About two months after Perseverance lands on Mars in February, the tests of Ingenuity will begin. The rover will find a suitably flat spot, drop the helicopter onto the ground, then drive away at least 100 yards away. “The helicopter never returns to the rover,” Ms. Aung said.

Over 30 days, the helicopter will make up to five flights. Much of the time will be sitting around waiting for solar panels to recharge the batteries.

The first is to go up about a few feet and hover for up to 30 seconds, then land. Subsequent flights will be longer, higher, farther. On the fifth flight, if everything works, Ingenuity will go up about 15 feet, fly out 500 feet and then return back to where it started. It has two cameras: a downward-facing, black-and-white one for keeping track of where it is; and a color one for oblique views of the landscape. The flight will last a minute and a half.
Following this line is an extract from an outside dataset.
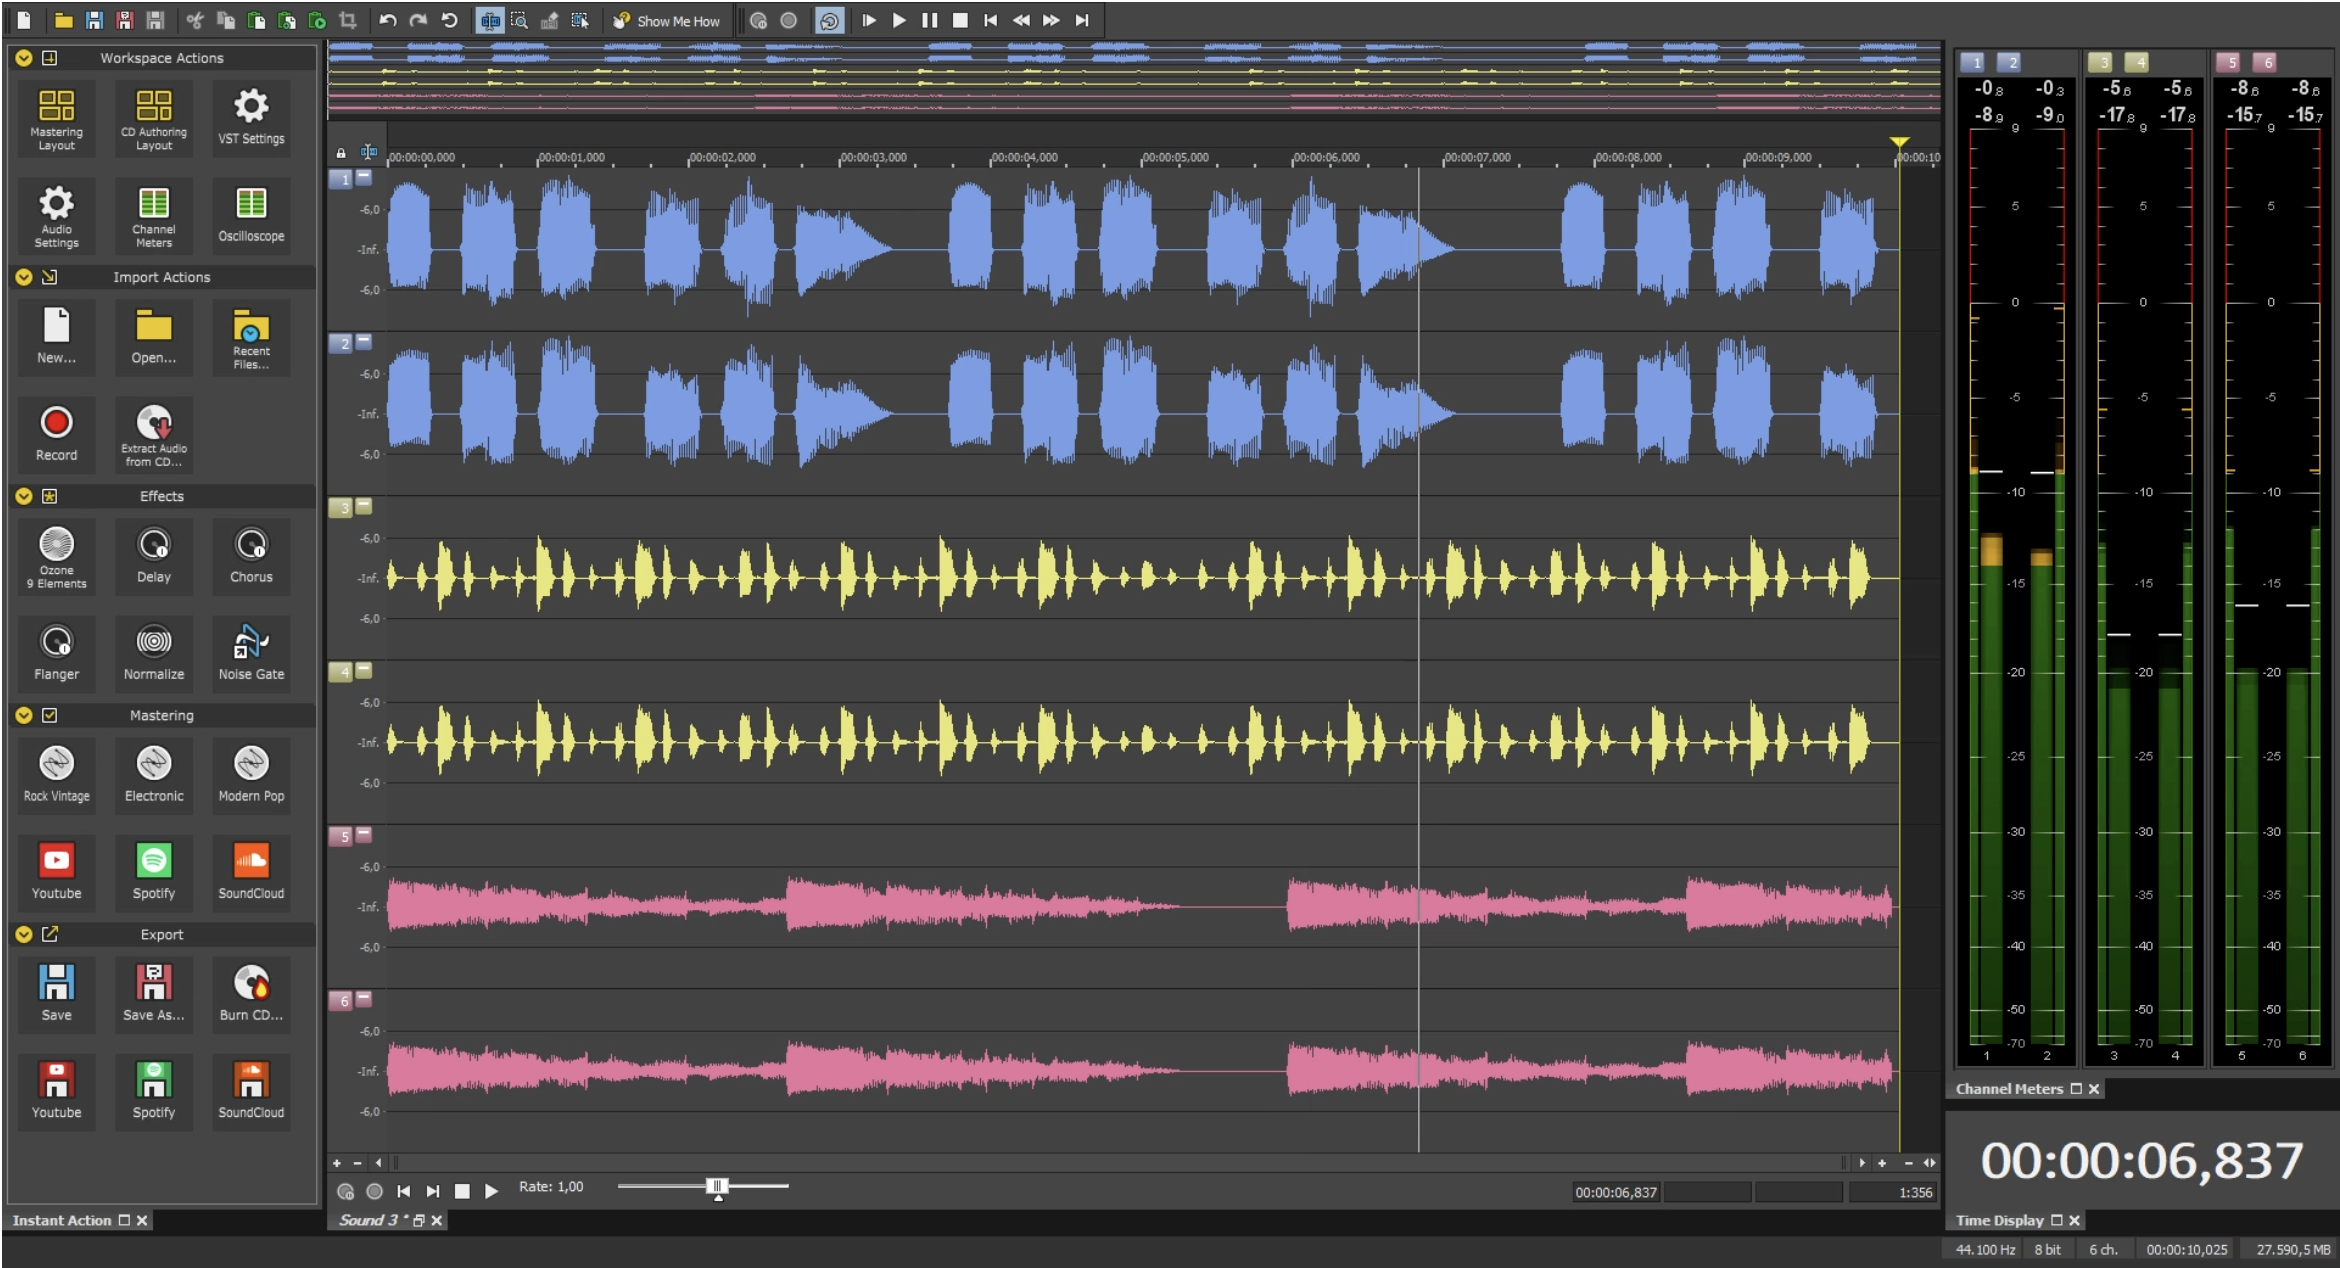 sound forge 8.0 free download mac

Once the flights are done, Ingenuity will be left at its final landing site, and Perseverance will drive off for the rest of its mission.

Ms. Aung said that the technology could be adapted to a bigger craft, up to about 30 pounds in weight instead of four. That might be large enough to carry a couple of pounds of cameras and other instruments.
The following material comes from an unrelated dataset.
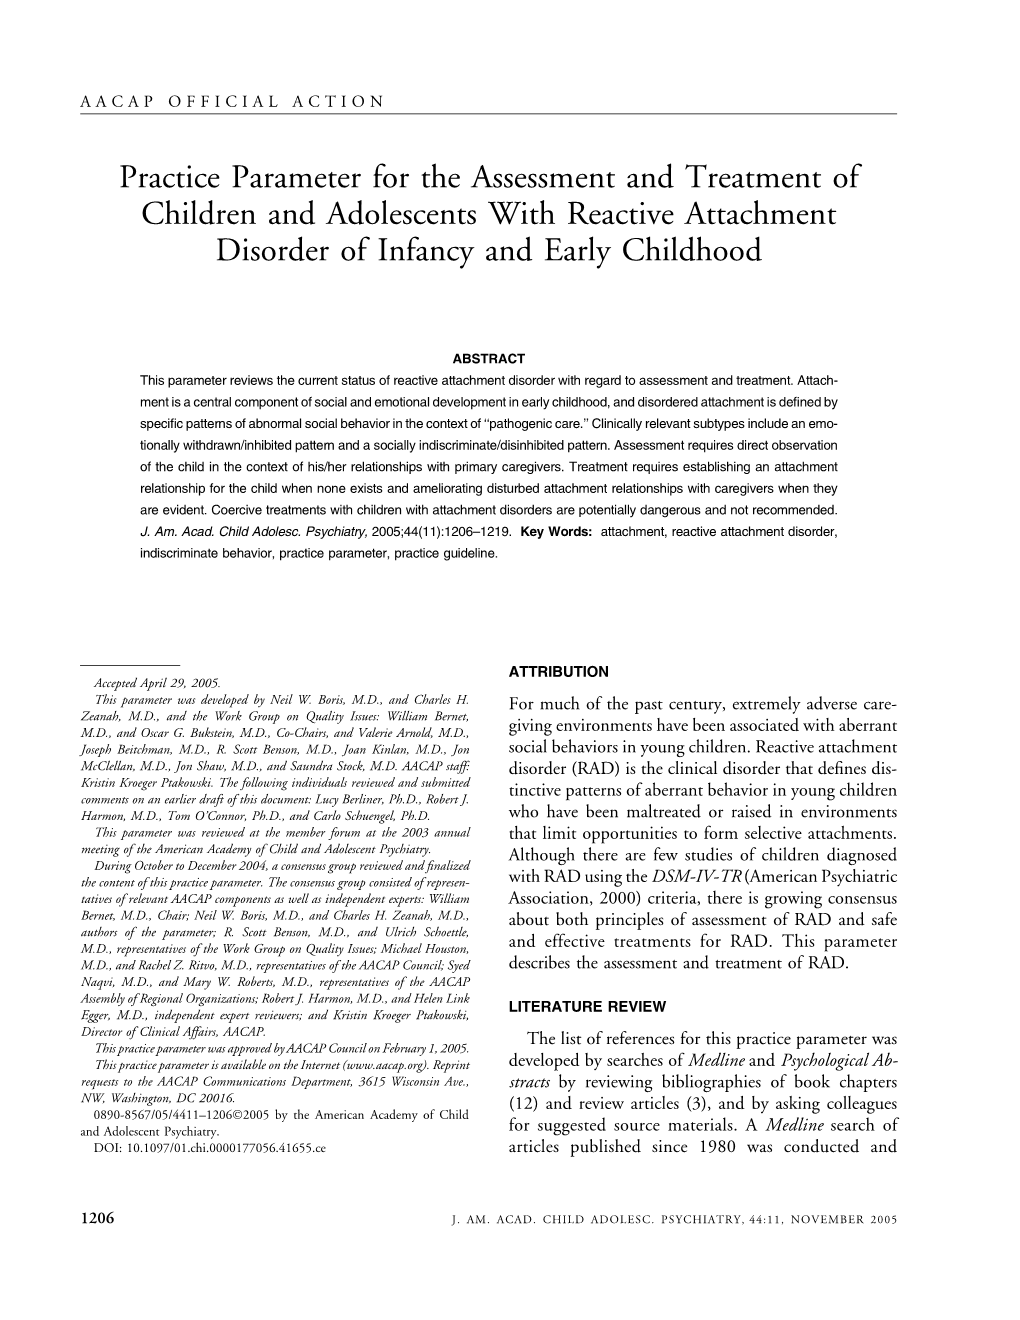 Practice Parameter for the Assessment and Treatment of Children and Adolescents with Reactive Attachment Disorder of Infancy and Early Childhood

Already, NASA has plans for sending Dragonfly, a nuclear-powered rotorcraft to Titan, the largest moon of Saturn. But Titan has a thick atmosphere, so flying there does not pose the same technological challenges as Mars.

Even if future helicopters are headed to Mars, they will almost certainly never be a viable mode of transportation for astronauts there.

“You wouldn’t envision extending it to where you can fly humans like you can on Earth,” Ms. Aung said. “There just isn’t enough atmosphere.”